··· INFORMATION PROVIDED ···
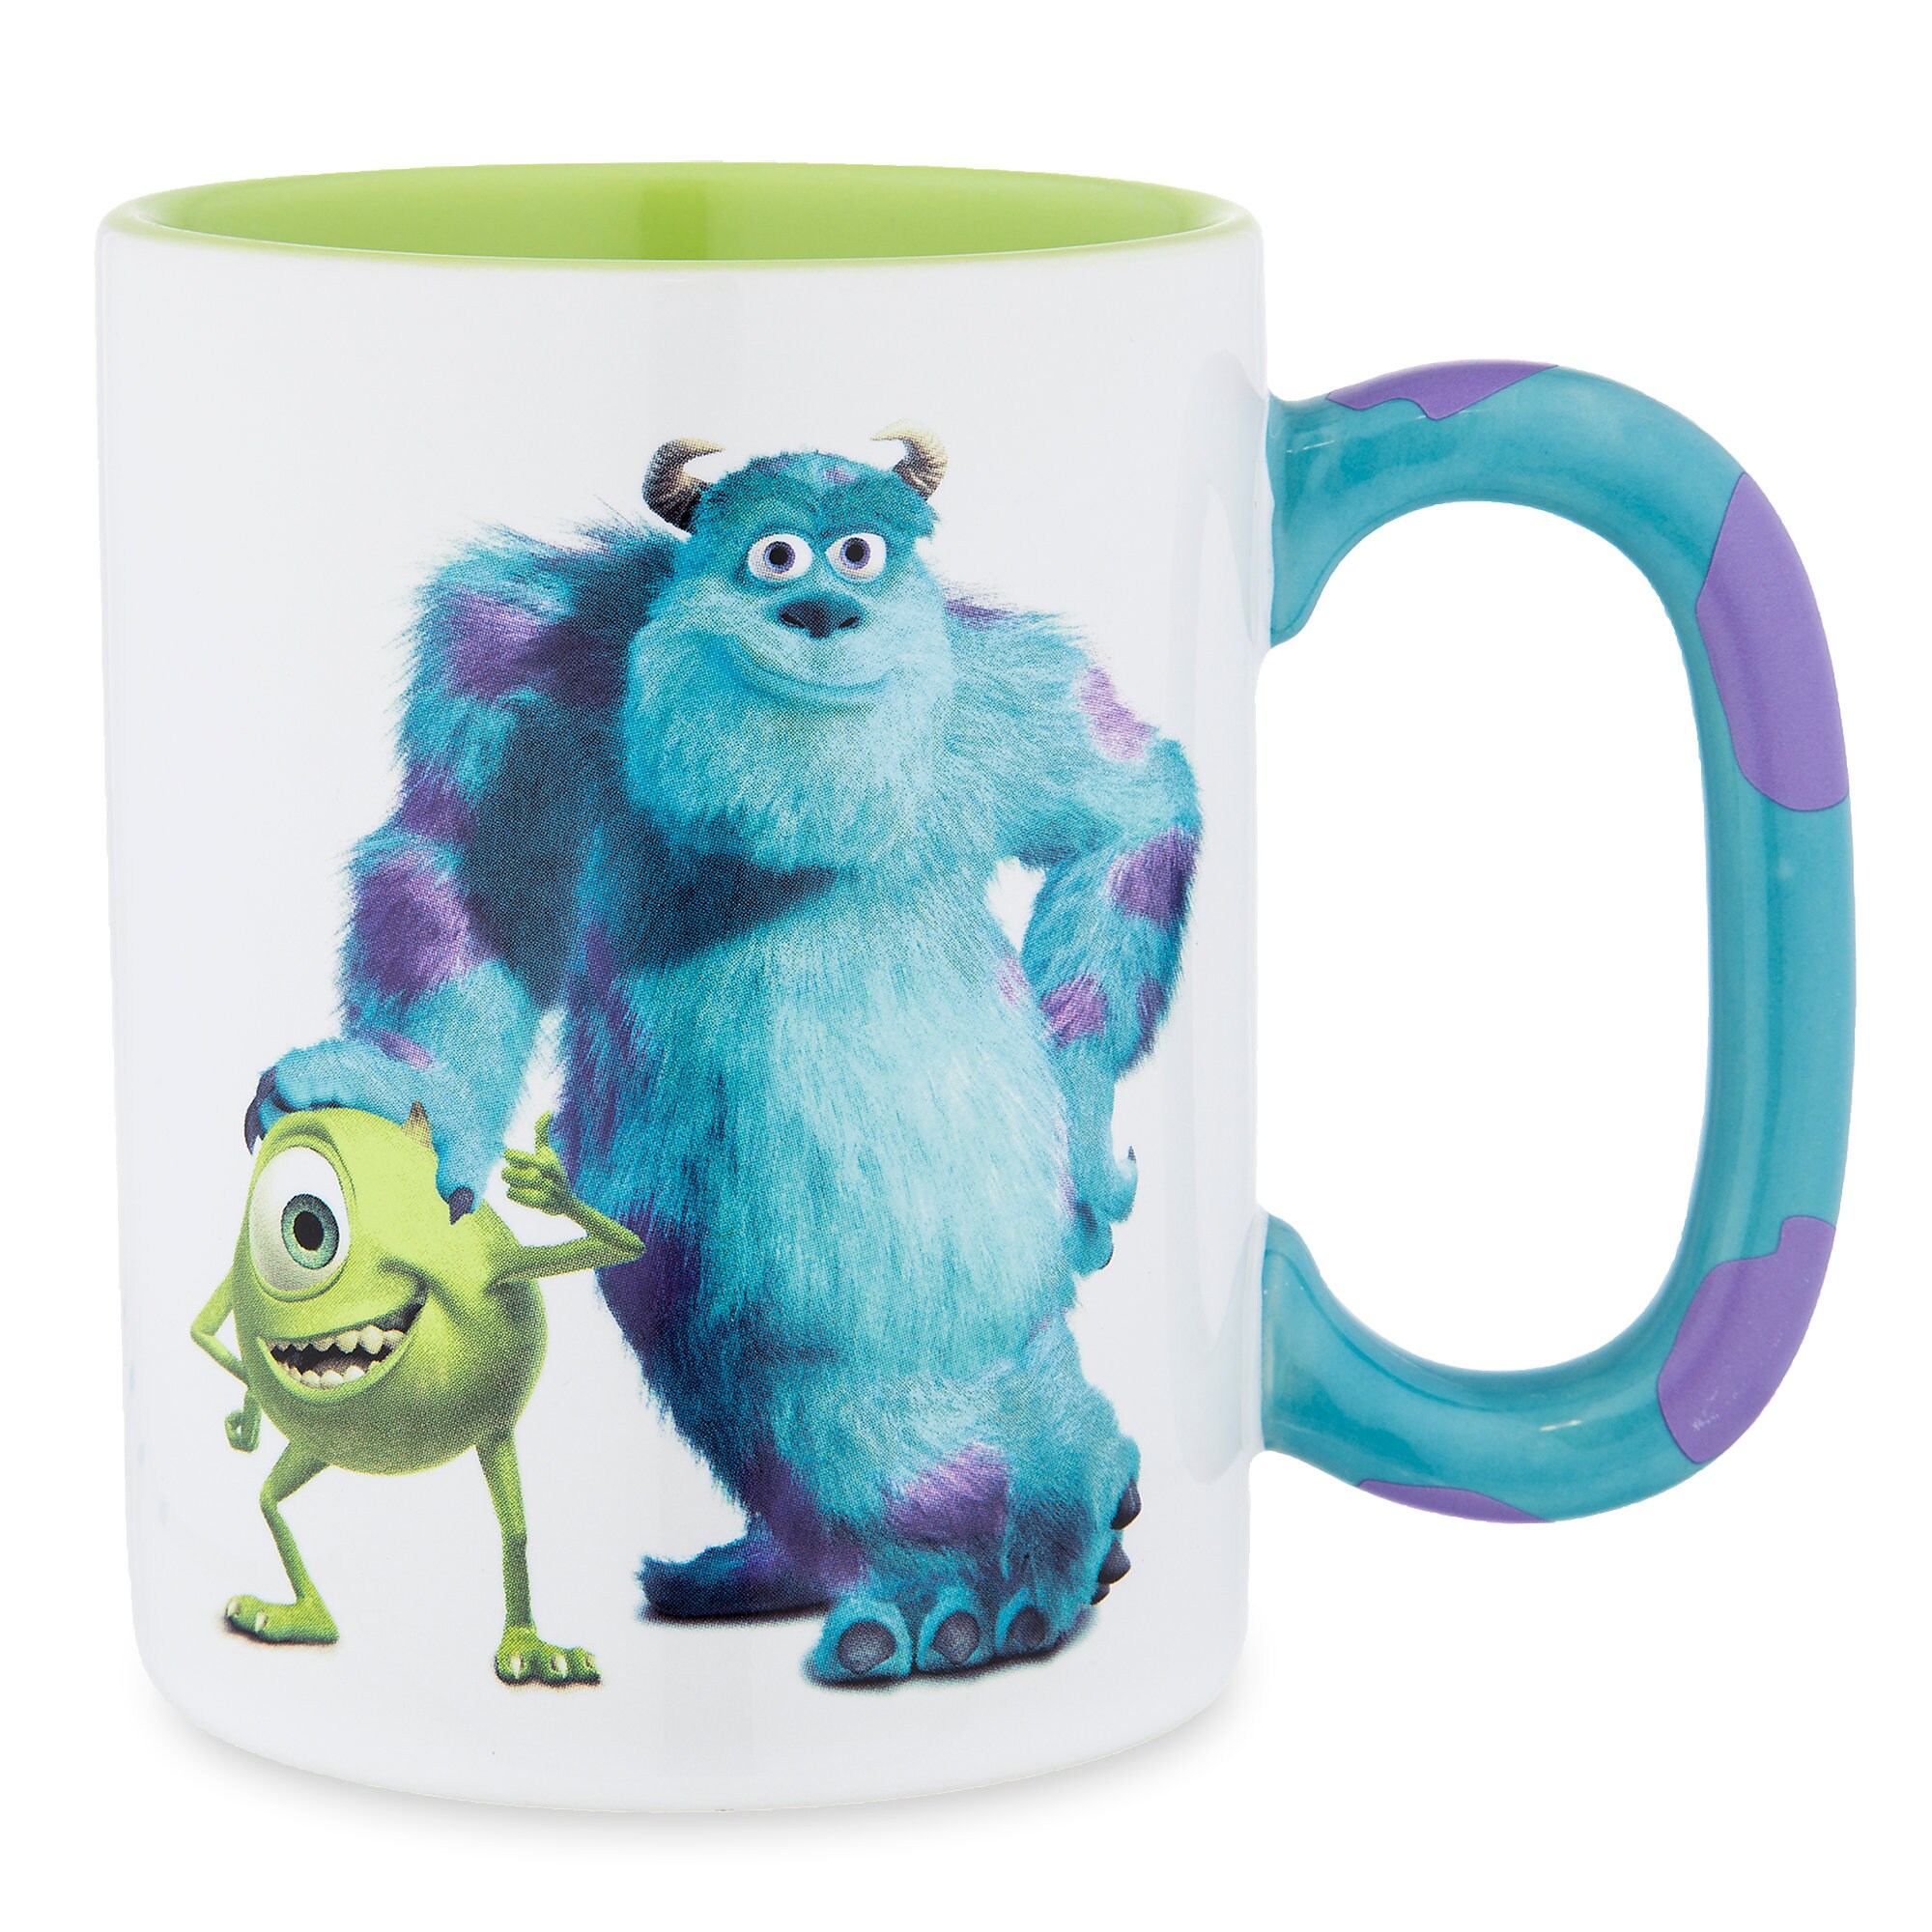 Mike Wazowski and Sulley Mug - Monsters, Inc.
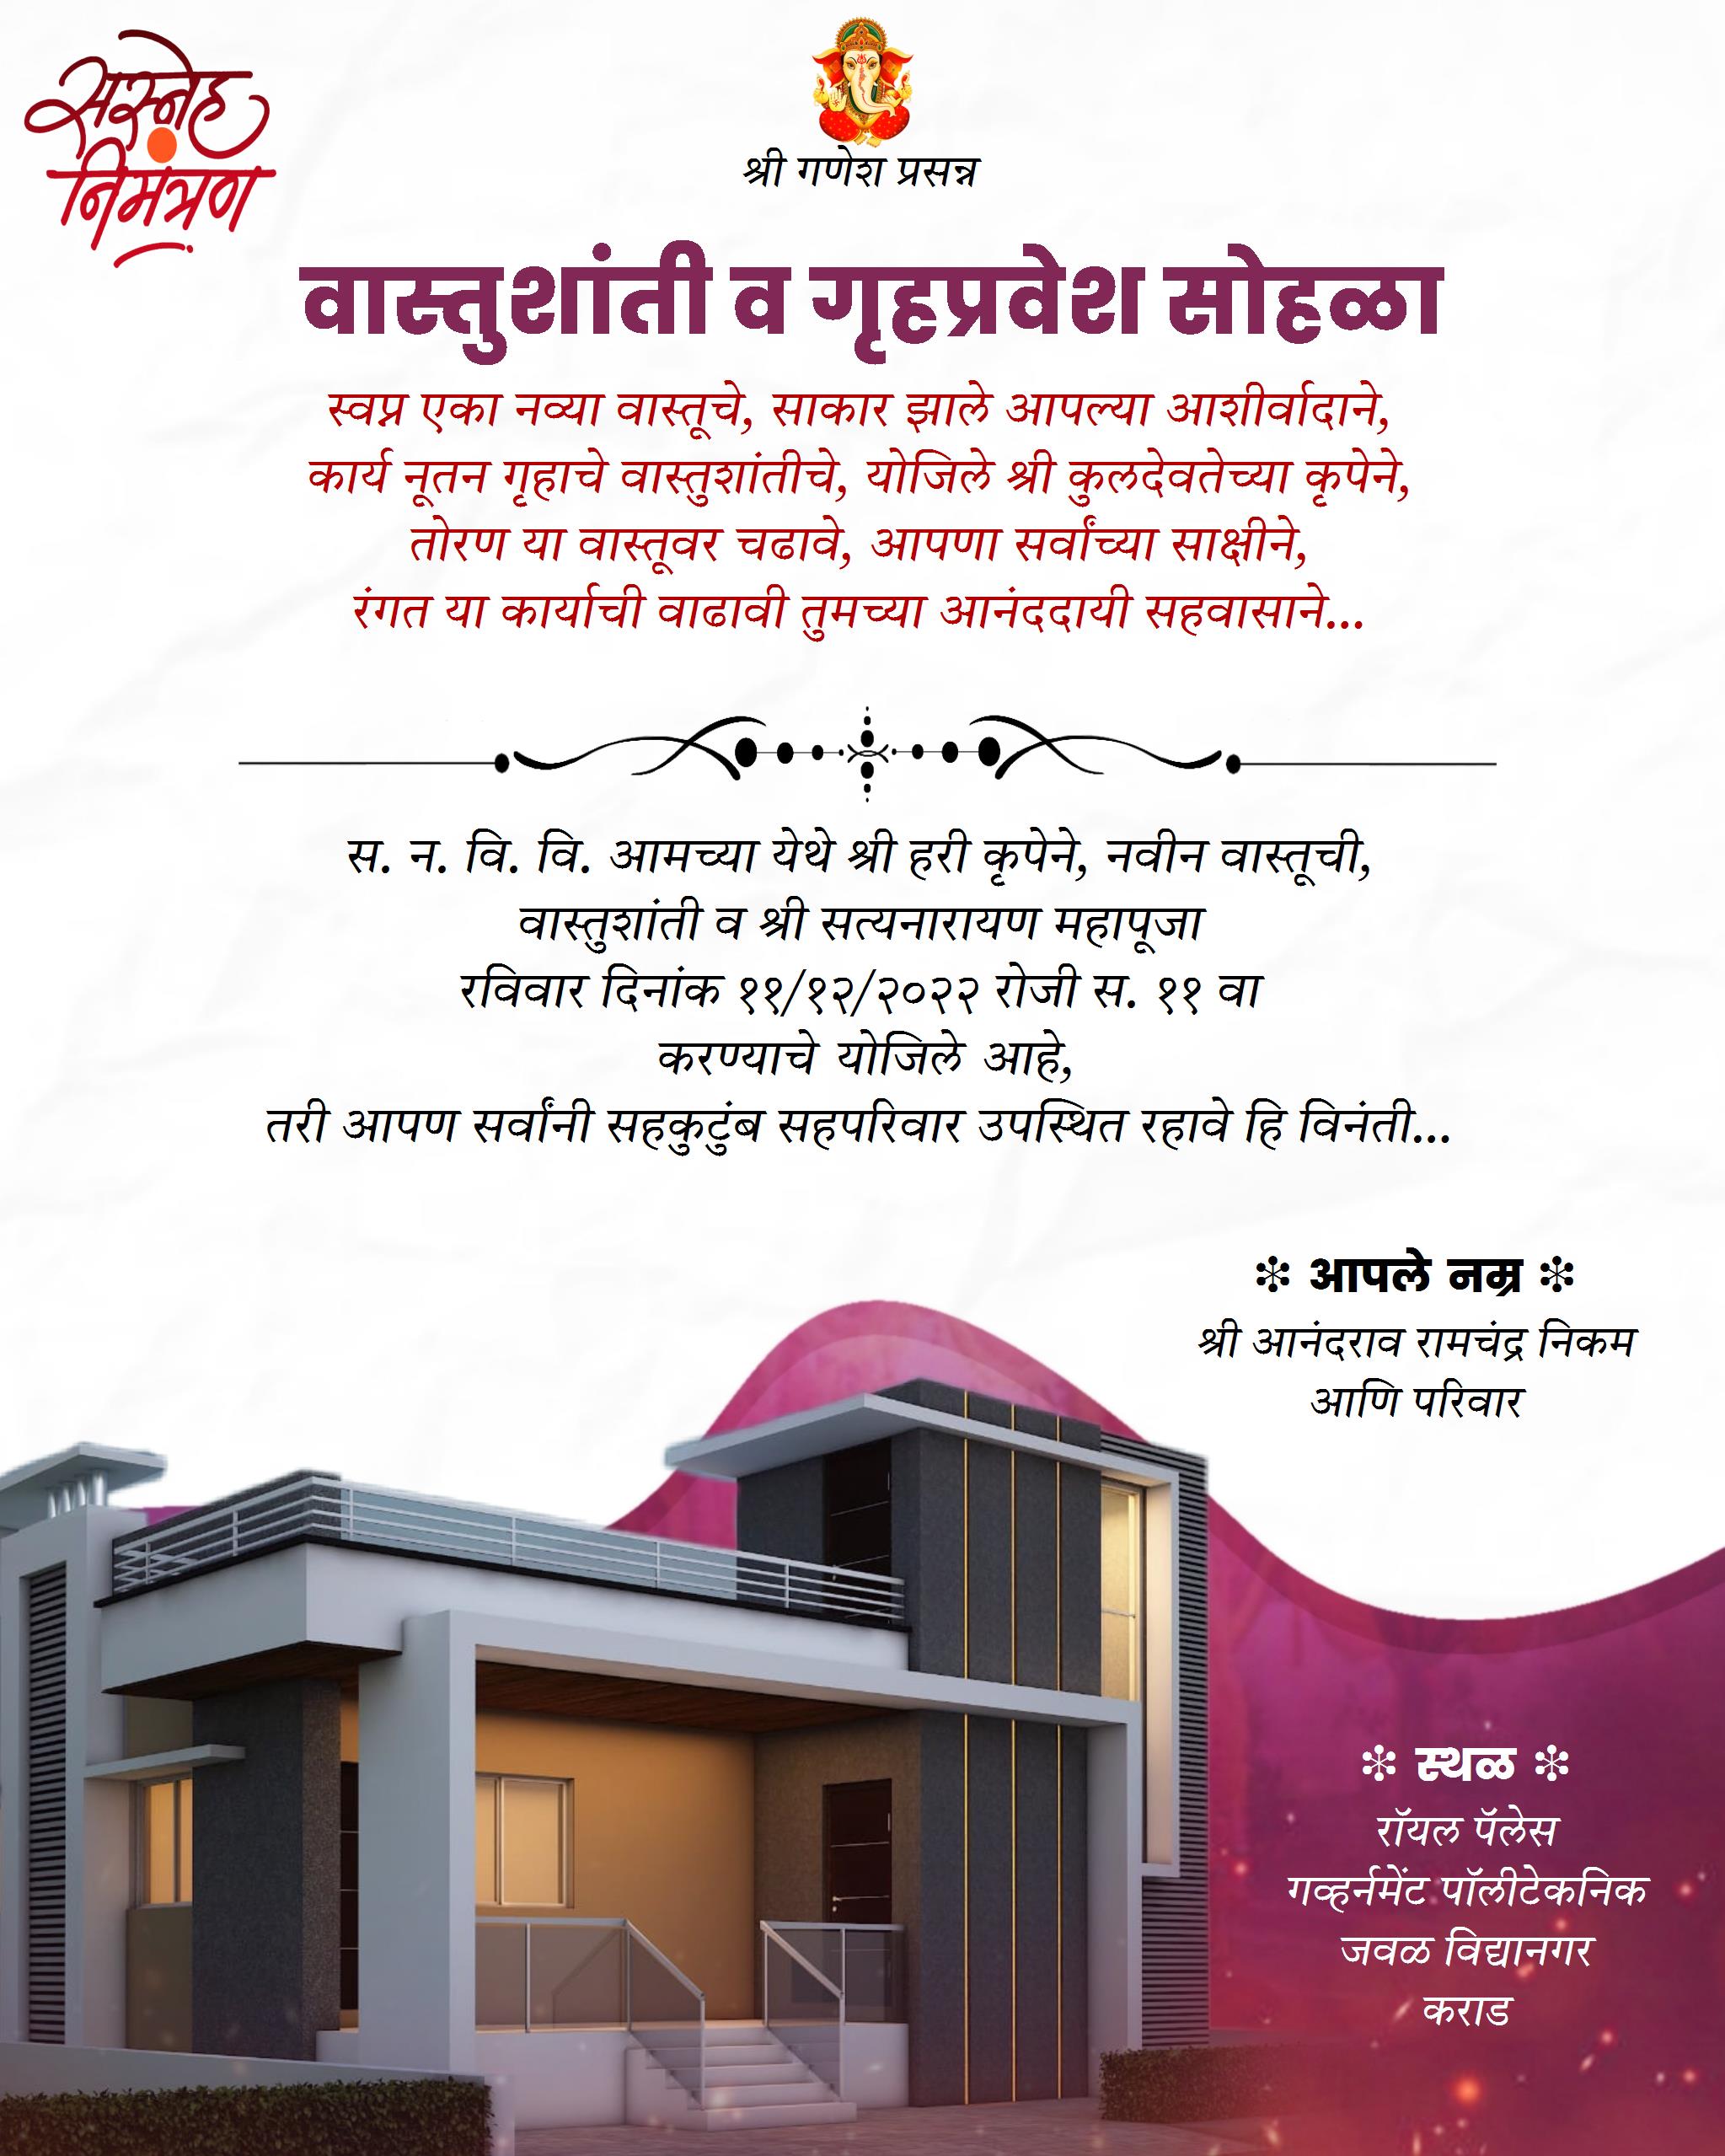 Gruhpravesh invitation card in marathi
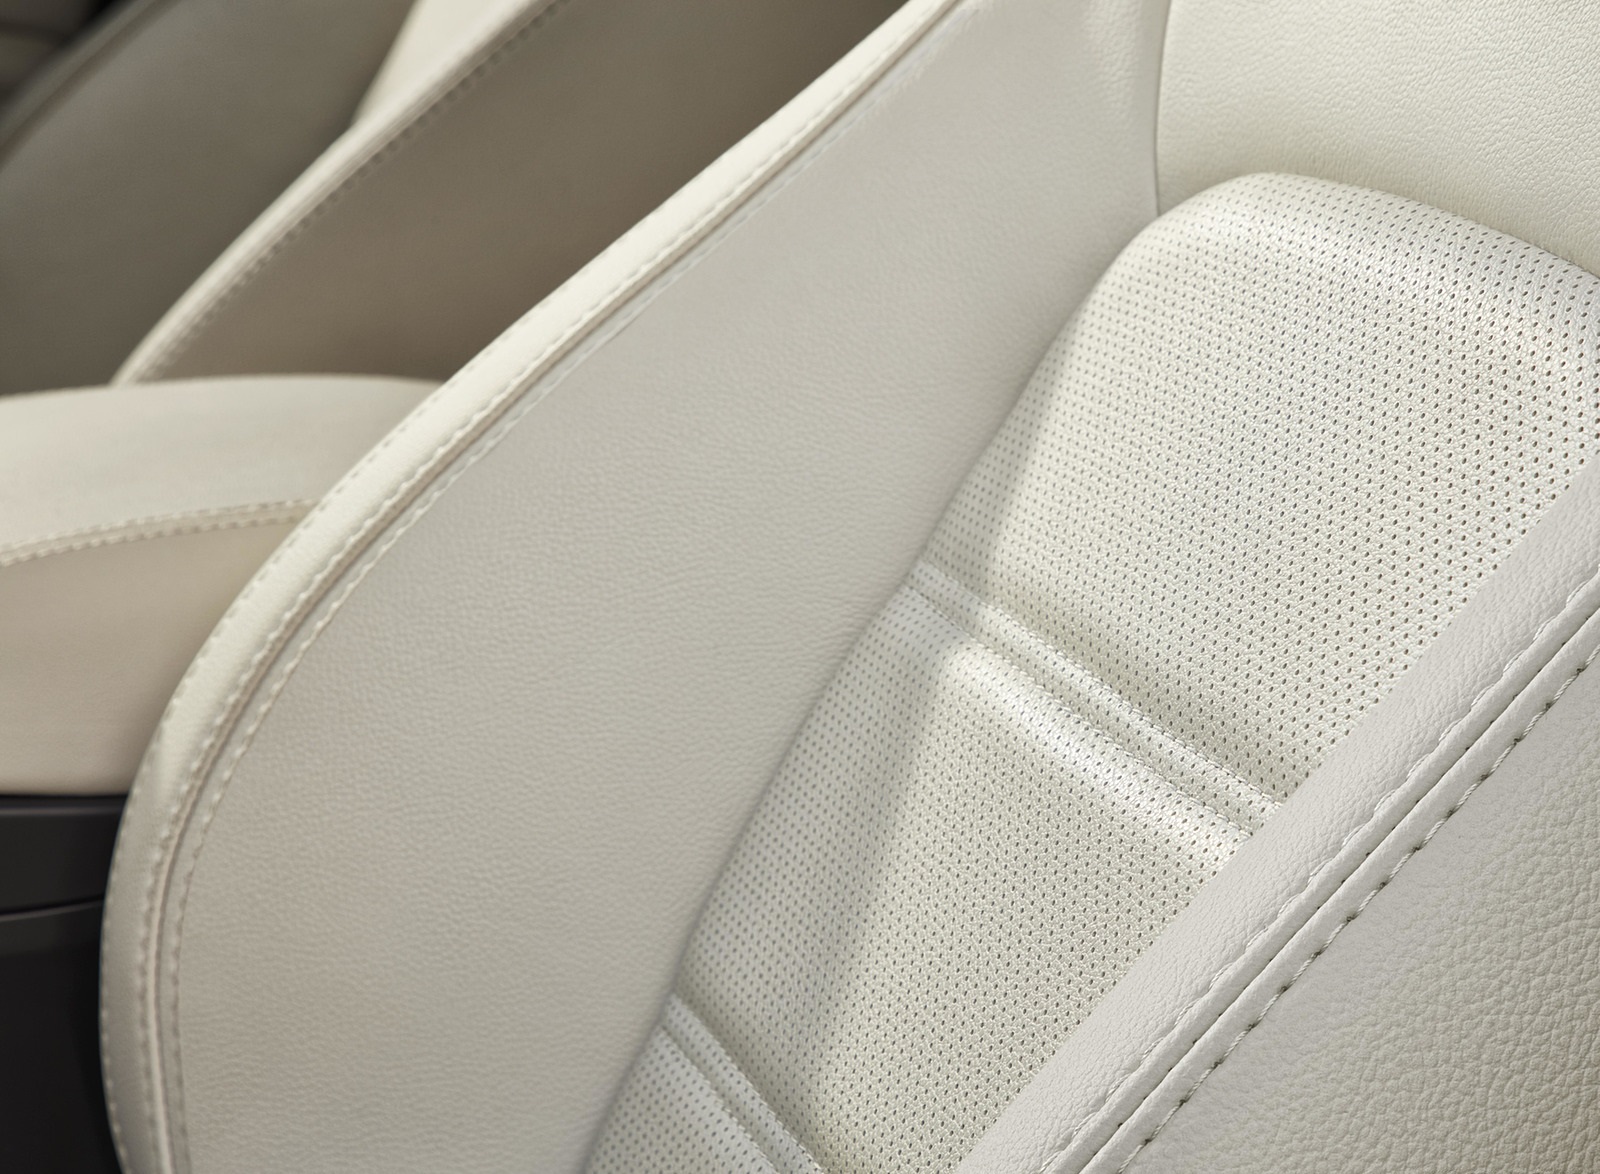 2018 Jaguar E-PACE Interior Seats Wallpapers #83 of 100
···
▶ YOUR GOAL:
No pictures belong in the output. It should reproduce exactly the lines from the one containing "Gruhpravesh invitation card in marathi" through the end of the data, both ends included.

▶ ANSWER SECTION:
 Gruhpravesh invitation card in marathi
 2018 Jaguar E-PACE Interior Seats Wallpapers #83 of 100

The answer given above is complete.